__Required work__: Copy each line of the records that holds the string "Your".

= = = =

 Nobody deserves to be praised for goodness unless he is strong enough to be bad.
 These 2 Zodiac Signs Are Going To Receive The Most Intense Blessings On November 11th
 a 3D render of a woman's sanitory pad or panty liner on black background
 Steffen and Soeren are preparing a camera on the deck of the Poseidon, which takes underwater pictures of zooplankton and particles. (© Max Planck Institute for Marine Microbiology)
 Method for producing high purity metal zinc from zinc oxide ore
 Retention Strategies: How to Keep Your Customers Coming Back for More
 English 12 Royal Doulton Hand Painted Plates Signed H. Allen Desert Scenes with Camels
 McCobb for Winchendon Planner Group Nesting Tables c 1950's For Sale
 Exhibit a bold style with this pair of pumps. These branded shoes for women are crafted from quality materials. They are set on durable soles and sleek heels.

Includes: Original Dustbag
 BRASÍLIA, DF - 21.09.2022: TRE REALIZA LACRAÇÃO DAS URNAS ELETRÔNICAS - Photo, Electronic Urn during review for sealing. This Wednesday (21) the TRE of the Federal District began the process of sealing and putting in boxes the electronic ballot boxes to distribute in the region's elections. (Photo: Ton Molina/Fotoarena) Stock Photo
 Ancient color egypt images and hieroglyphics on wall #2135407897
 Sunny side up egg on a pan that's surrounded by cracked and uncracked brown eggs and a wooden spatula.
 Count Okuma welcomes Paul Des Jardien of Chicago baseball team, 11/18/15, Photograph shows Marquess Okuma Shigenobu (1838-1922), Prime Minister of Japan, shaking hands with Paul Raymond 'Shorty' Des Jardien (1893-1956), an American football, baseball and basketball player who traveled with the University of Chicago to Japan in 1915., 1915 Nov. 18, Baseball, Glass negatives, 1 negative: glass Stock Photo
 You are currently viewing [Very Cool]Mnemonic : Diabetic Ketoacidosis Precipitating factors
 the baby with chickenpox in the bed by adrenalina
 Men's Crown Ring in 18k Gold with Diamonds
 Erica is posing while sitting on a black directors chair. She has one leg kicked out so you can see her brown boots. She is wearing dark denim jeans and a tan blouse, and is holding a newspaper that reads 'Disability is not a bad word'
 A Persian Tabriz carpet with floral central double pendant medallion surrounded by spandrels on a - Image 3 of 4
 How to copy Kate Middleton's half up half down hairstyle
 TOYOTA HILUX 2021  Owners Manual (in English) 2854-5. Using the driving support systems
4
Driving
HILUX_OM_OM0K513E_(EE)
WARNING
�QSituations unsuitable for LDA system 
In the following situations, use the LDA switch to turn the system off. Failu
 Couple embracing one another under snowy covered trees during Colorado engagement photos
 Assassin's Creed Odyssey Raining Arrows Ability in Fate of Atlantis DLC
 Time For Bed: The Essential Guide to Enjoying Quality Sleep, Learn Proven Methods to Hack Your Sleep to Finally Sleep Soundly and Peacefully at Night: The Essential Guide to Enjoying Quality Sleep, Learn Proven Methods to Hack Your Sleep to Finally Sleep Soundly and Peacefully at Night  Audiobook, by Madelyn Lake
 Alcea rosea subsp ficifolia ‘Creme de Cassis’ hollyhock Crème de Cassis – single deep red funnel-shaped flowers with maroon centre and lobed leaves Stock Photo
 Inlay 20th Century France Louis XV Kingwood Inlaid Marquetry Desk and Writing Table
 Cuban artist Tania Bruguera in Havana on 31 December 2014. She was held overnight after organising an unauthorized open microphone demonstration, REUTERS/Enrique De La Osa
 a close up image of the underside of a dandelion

= = = =

__Answer area__:
 Retention Strategies: How to Keep Your Customers Coming Back for More
 Time For Bed: The Essential Guide to Enjoying Quality Sleep, Learn Proven Methods to Hack Your Sleep to Finally Sleep Soundly and Peacefully at Night: The Essential Guide to Enjoying Quality Sleep, Learn Proven Methods to Hack Your Sleep to Finally Sleep Soundly and Peacefully at Night  Audiobook, by Madelyn Lake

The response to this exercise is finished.